発券所で並んでいると、大和が私をまじまじ見ながらこう言った。
「しおちゃん、そんな小さかったっけ?」
「いつもはヒールを履いてるからね」
「スニーカーの方が楽でしょ」
俺のとお揃い~って、自分の足を見せてくる。「楽だけど、変な感じ」
「館内は滑りやすいところもあるからスニーカーの方が安心だよ。

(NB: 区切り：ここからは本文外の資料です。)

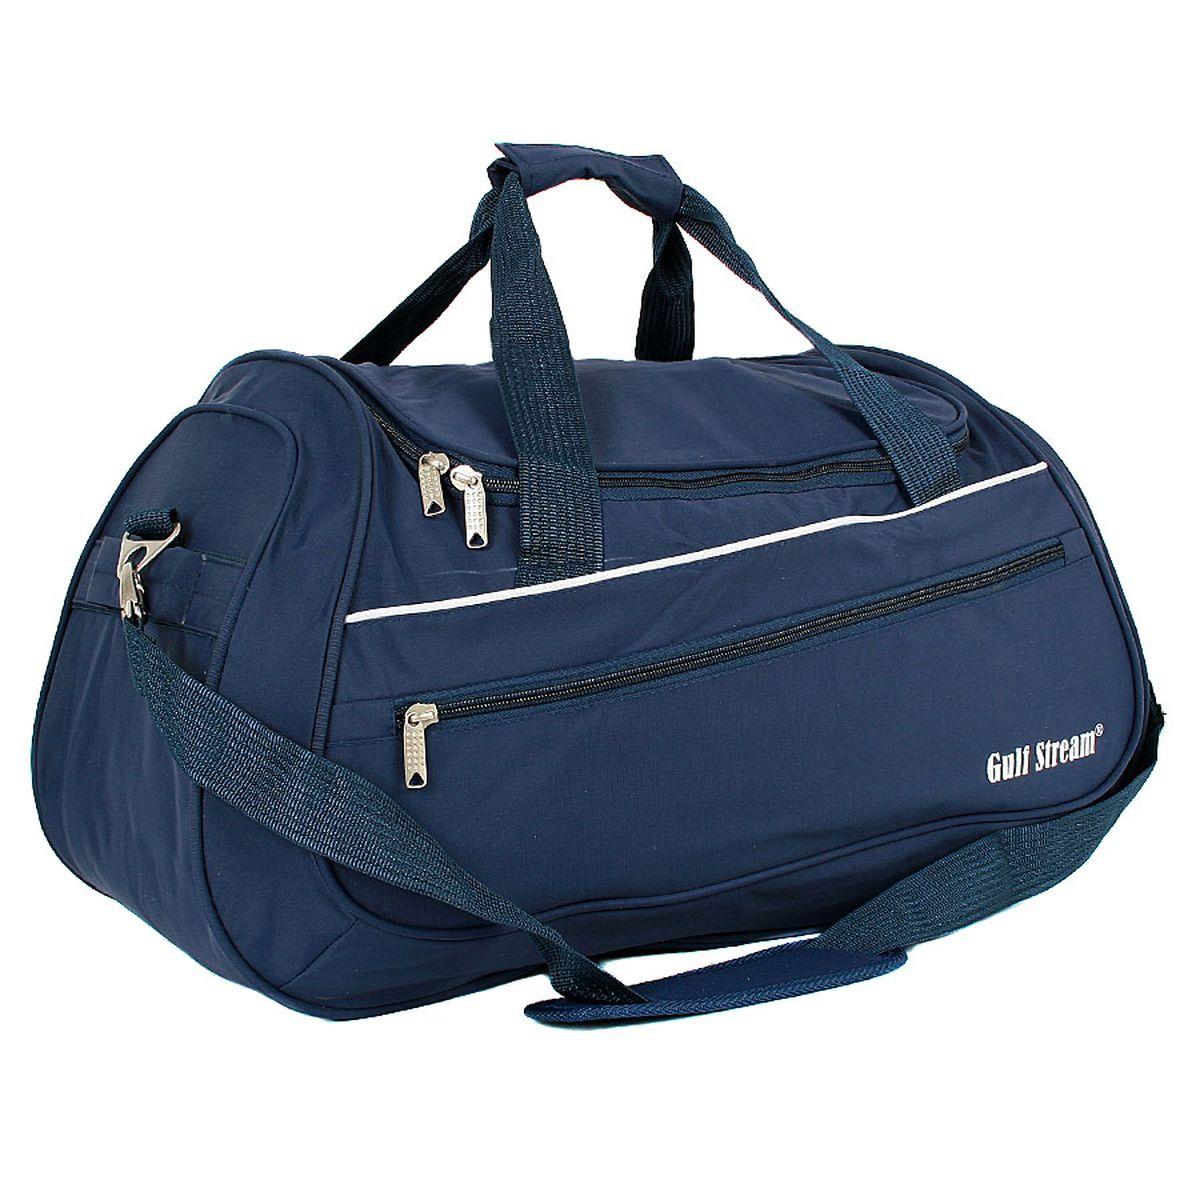 Сумка спортивная Polar, цвет: темно-синий, 46,5 л. 5986 сумка спортивная polar цвет синий оранжевый 30 5 л 6007
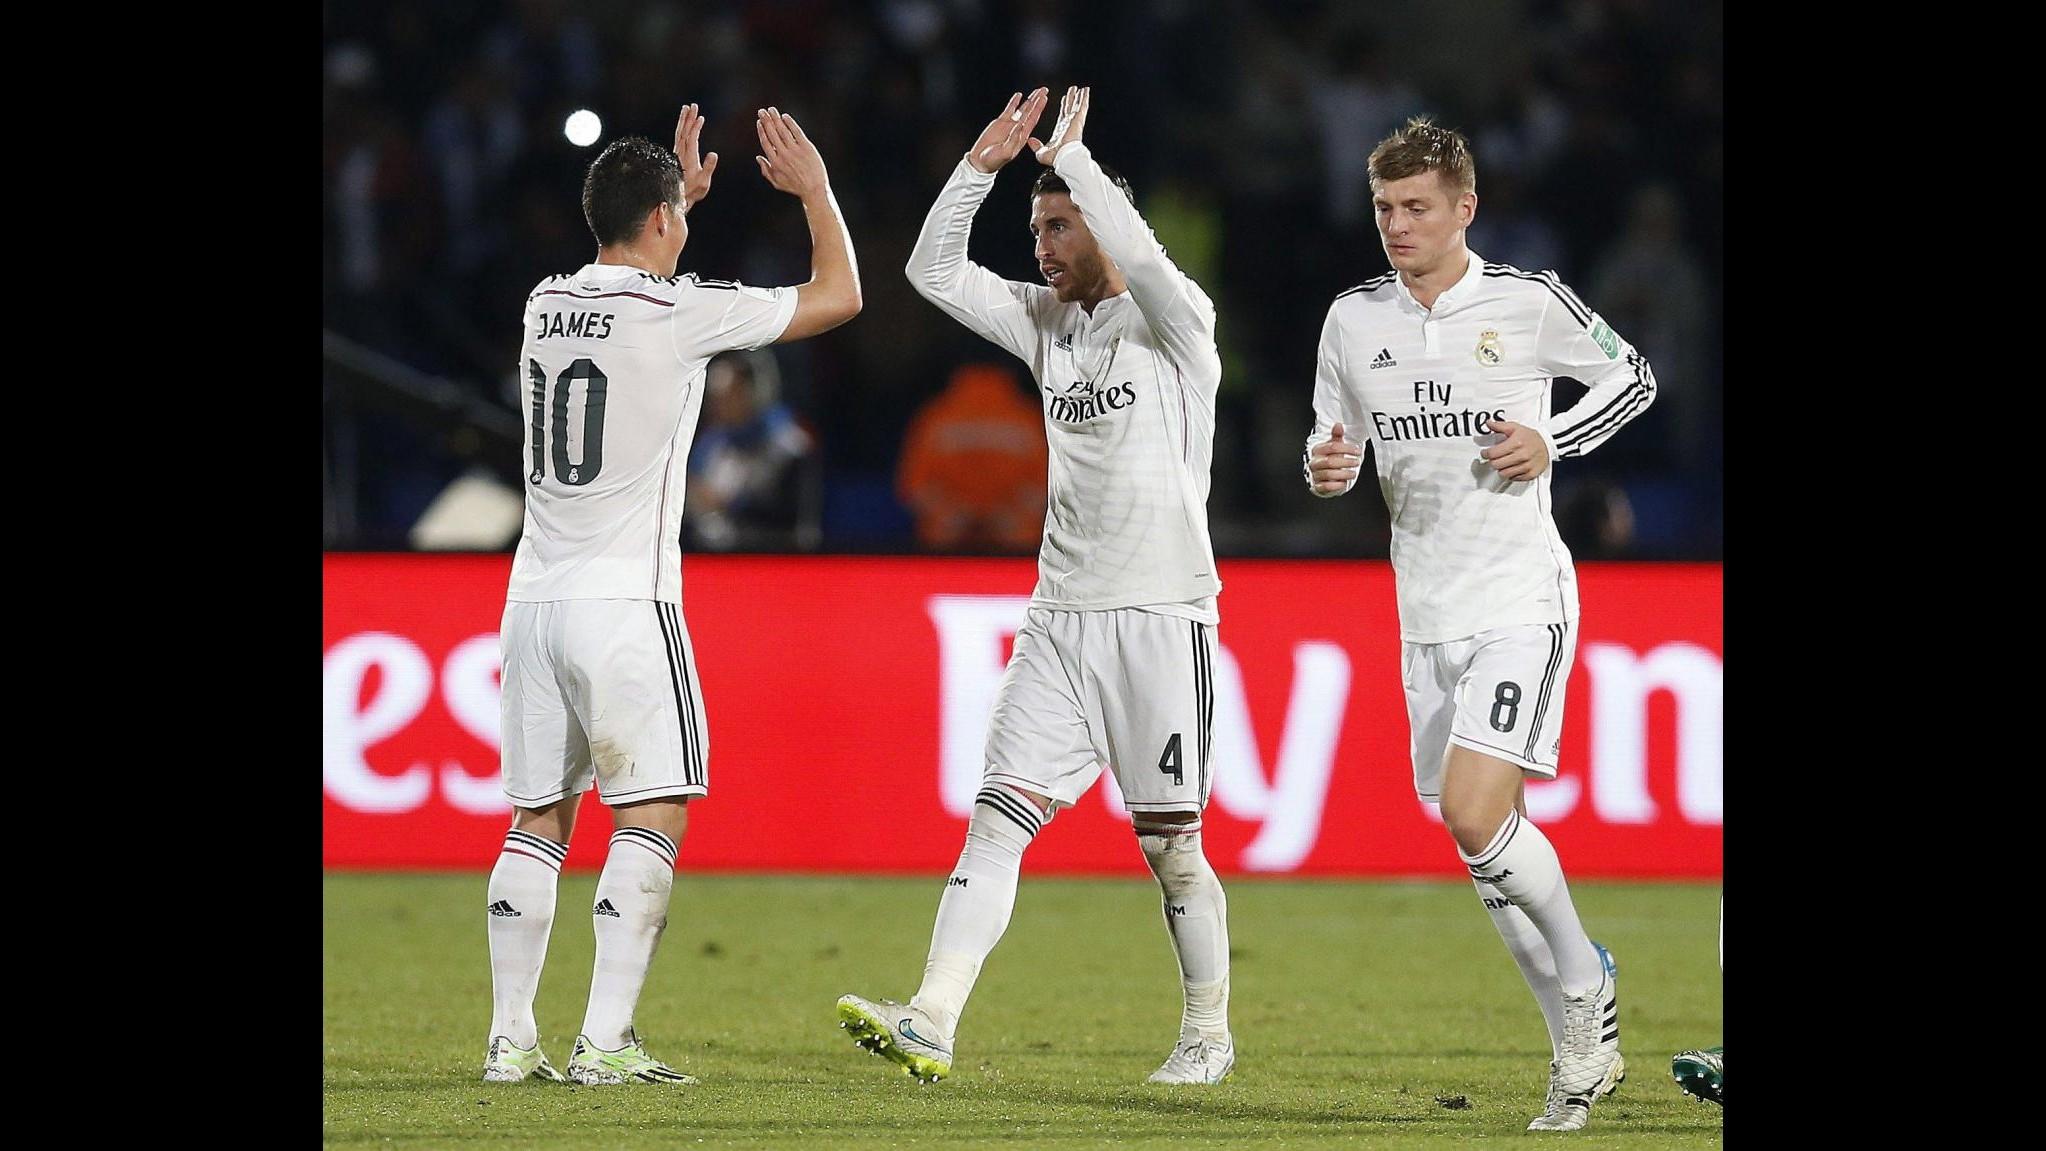 Real Madrid vince Mondiale per club, 2-0 al San Lorenzo. Ancelotti: Siamo i più forti

それに、よく似合ってる」
眩しい笑顔。
大和ってこんなに格好良かったっけ?
シンプルなインナーの上にベージュのテーラードジャケットを羽織り、下は黒のテーパードパンツ。
髪の毛もワックスでセットしており、普段と全然違う人みたい。
「(やだな、ますます大和を意識してしまう)」
急に落ち着かない気持ちになった私は、話題を変えた。
「そういえばさ、今度合コン行くの」
「は? 合コン?」
「うん、後輩の旭日に誘われてね」
「ふーん。
誘われたら行くんだ」
「どういう意味?」
「別に」
不機嫌そうに答えた大和は、そっぽを向いてしまった。
何よ。そんな露骨に嫌そうな顔をしなくてもいいじゃない?
たかだか合コンに行くくらいで……というか大和が不機嫌になる理由なんて――――。